▶ **How to complete this task**:
Copy each line below word for word and drop every image.

▶ **Data block**:
● ● ●

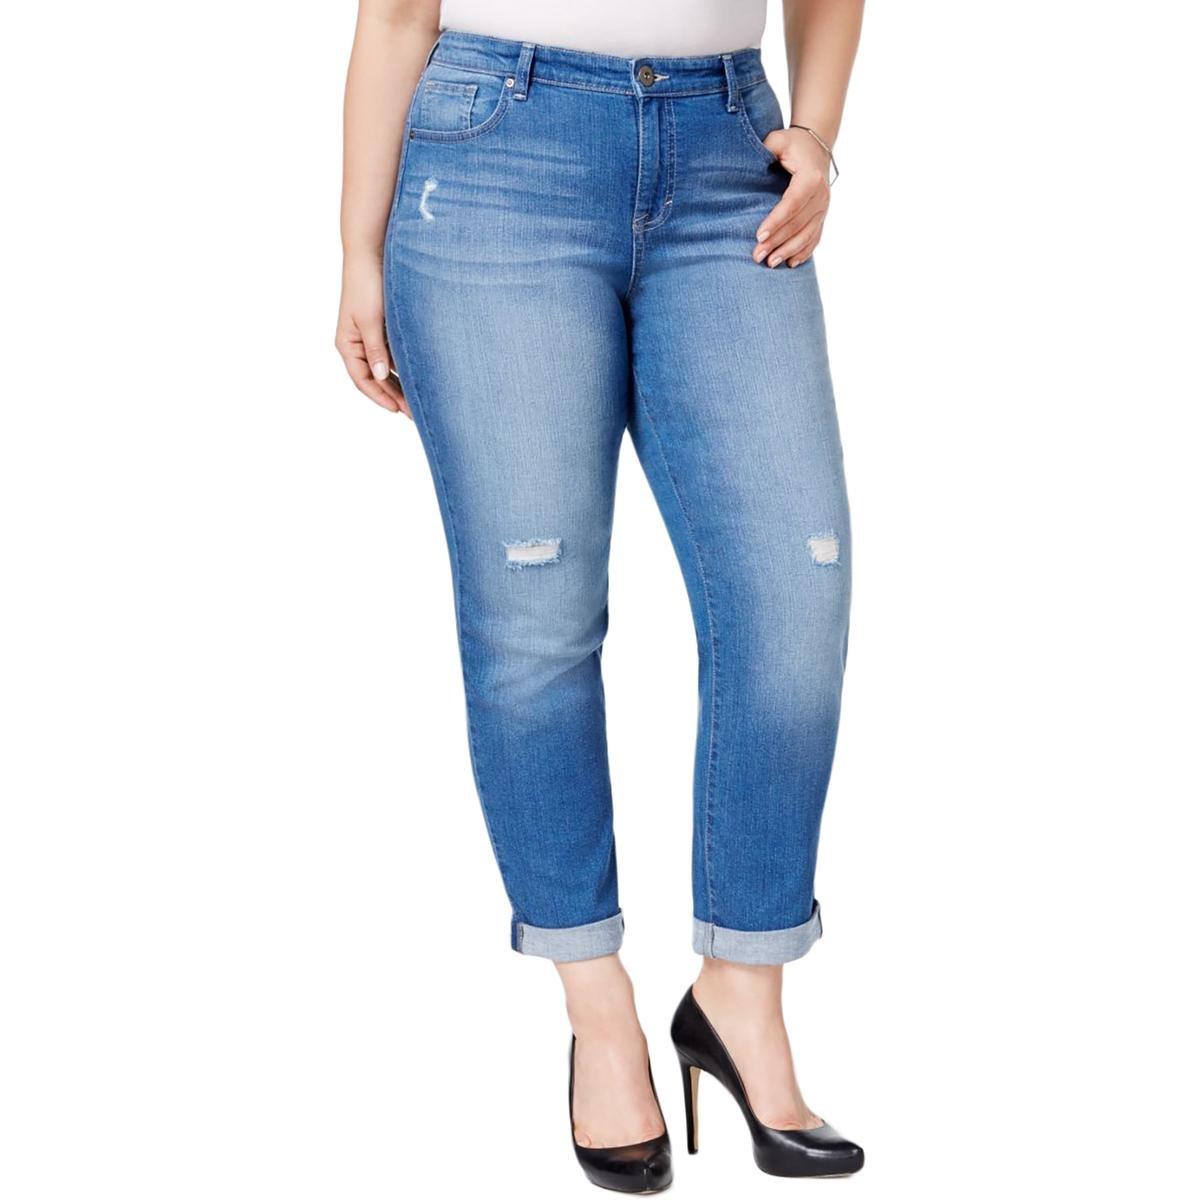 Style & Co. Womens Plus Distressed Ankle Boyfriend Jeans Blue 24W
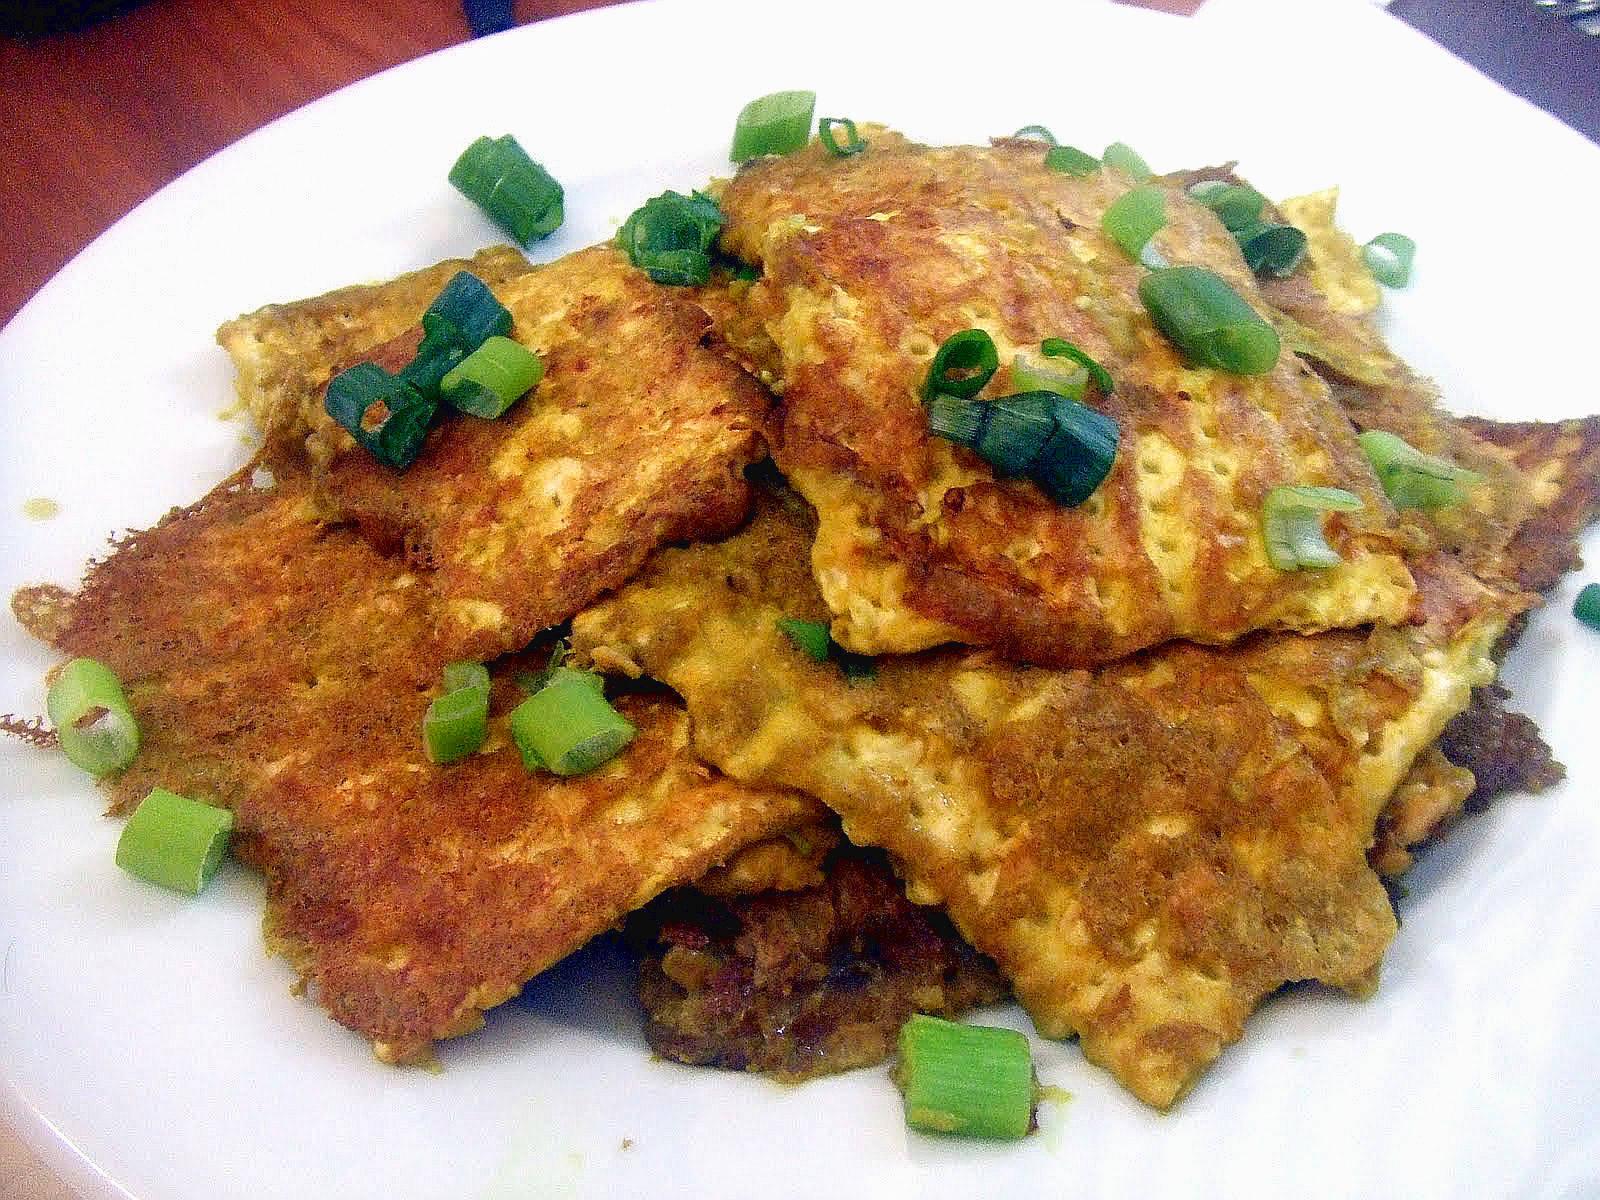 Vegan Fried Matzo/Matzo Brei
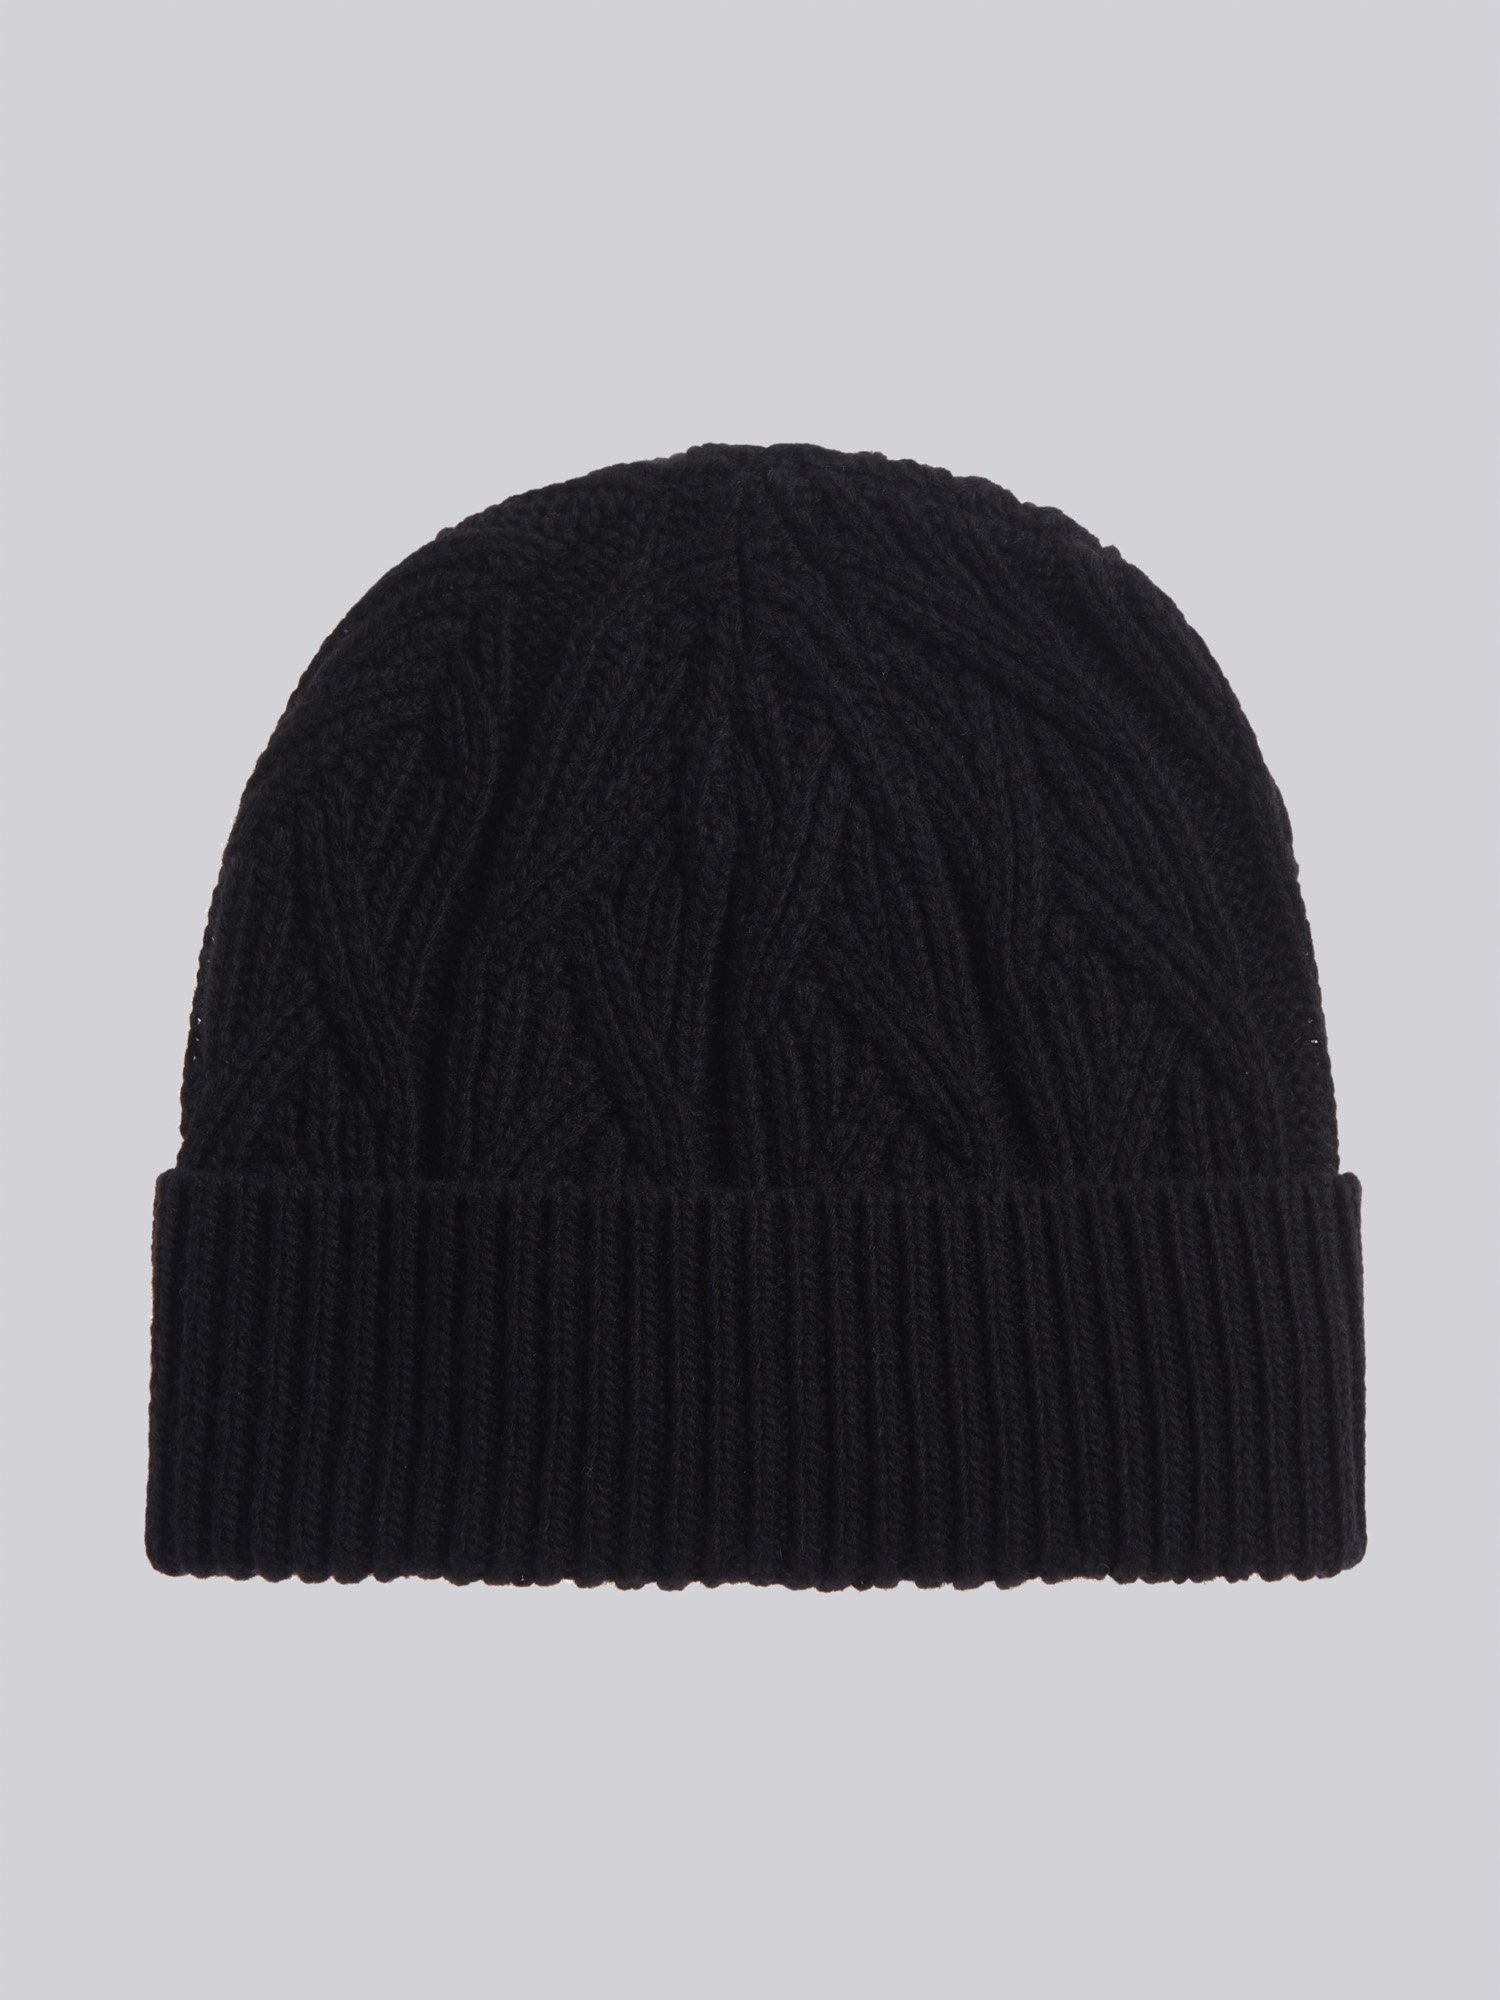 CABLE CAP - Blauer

● ● ●

▶ **Answer to this exercise**:
 Style & Co. Womens Plus Distressed Ankle Boyfriend Jeans Blue 24W
 Vegan Fried Matzo/Matzo Brei
 CABLE CAP - Blauer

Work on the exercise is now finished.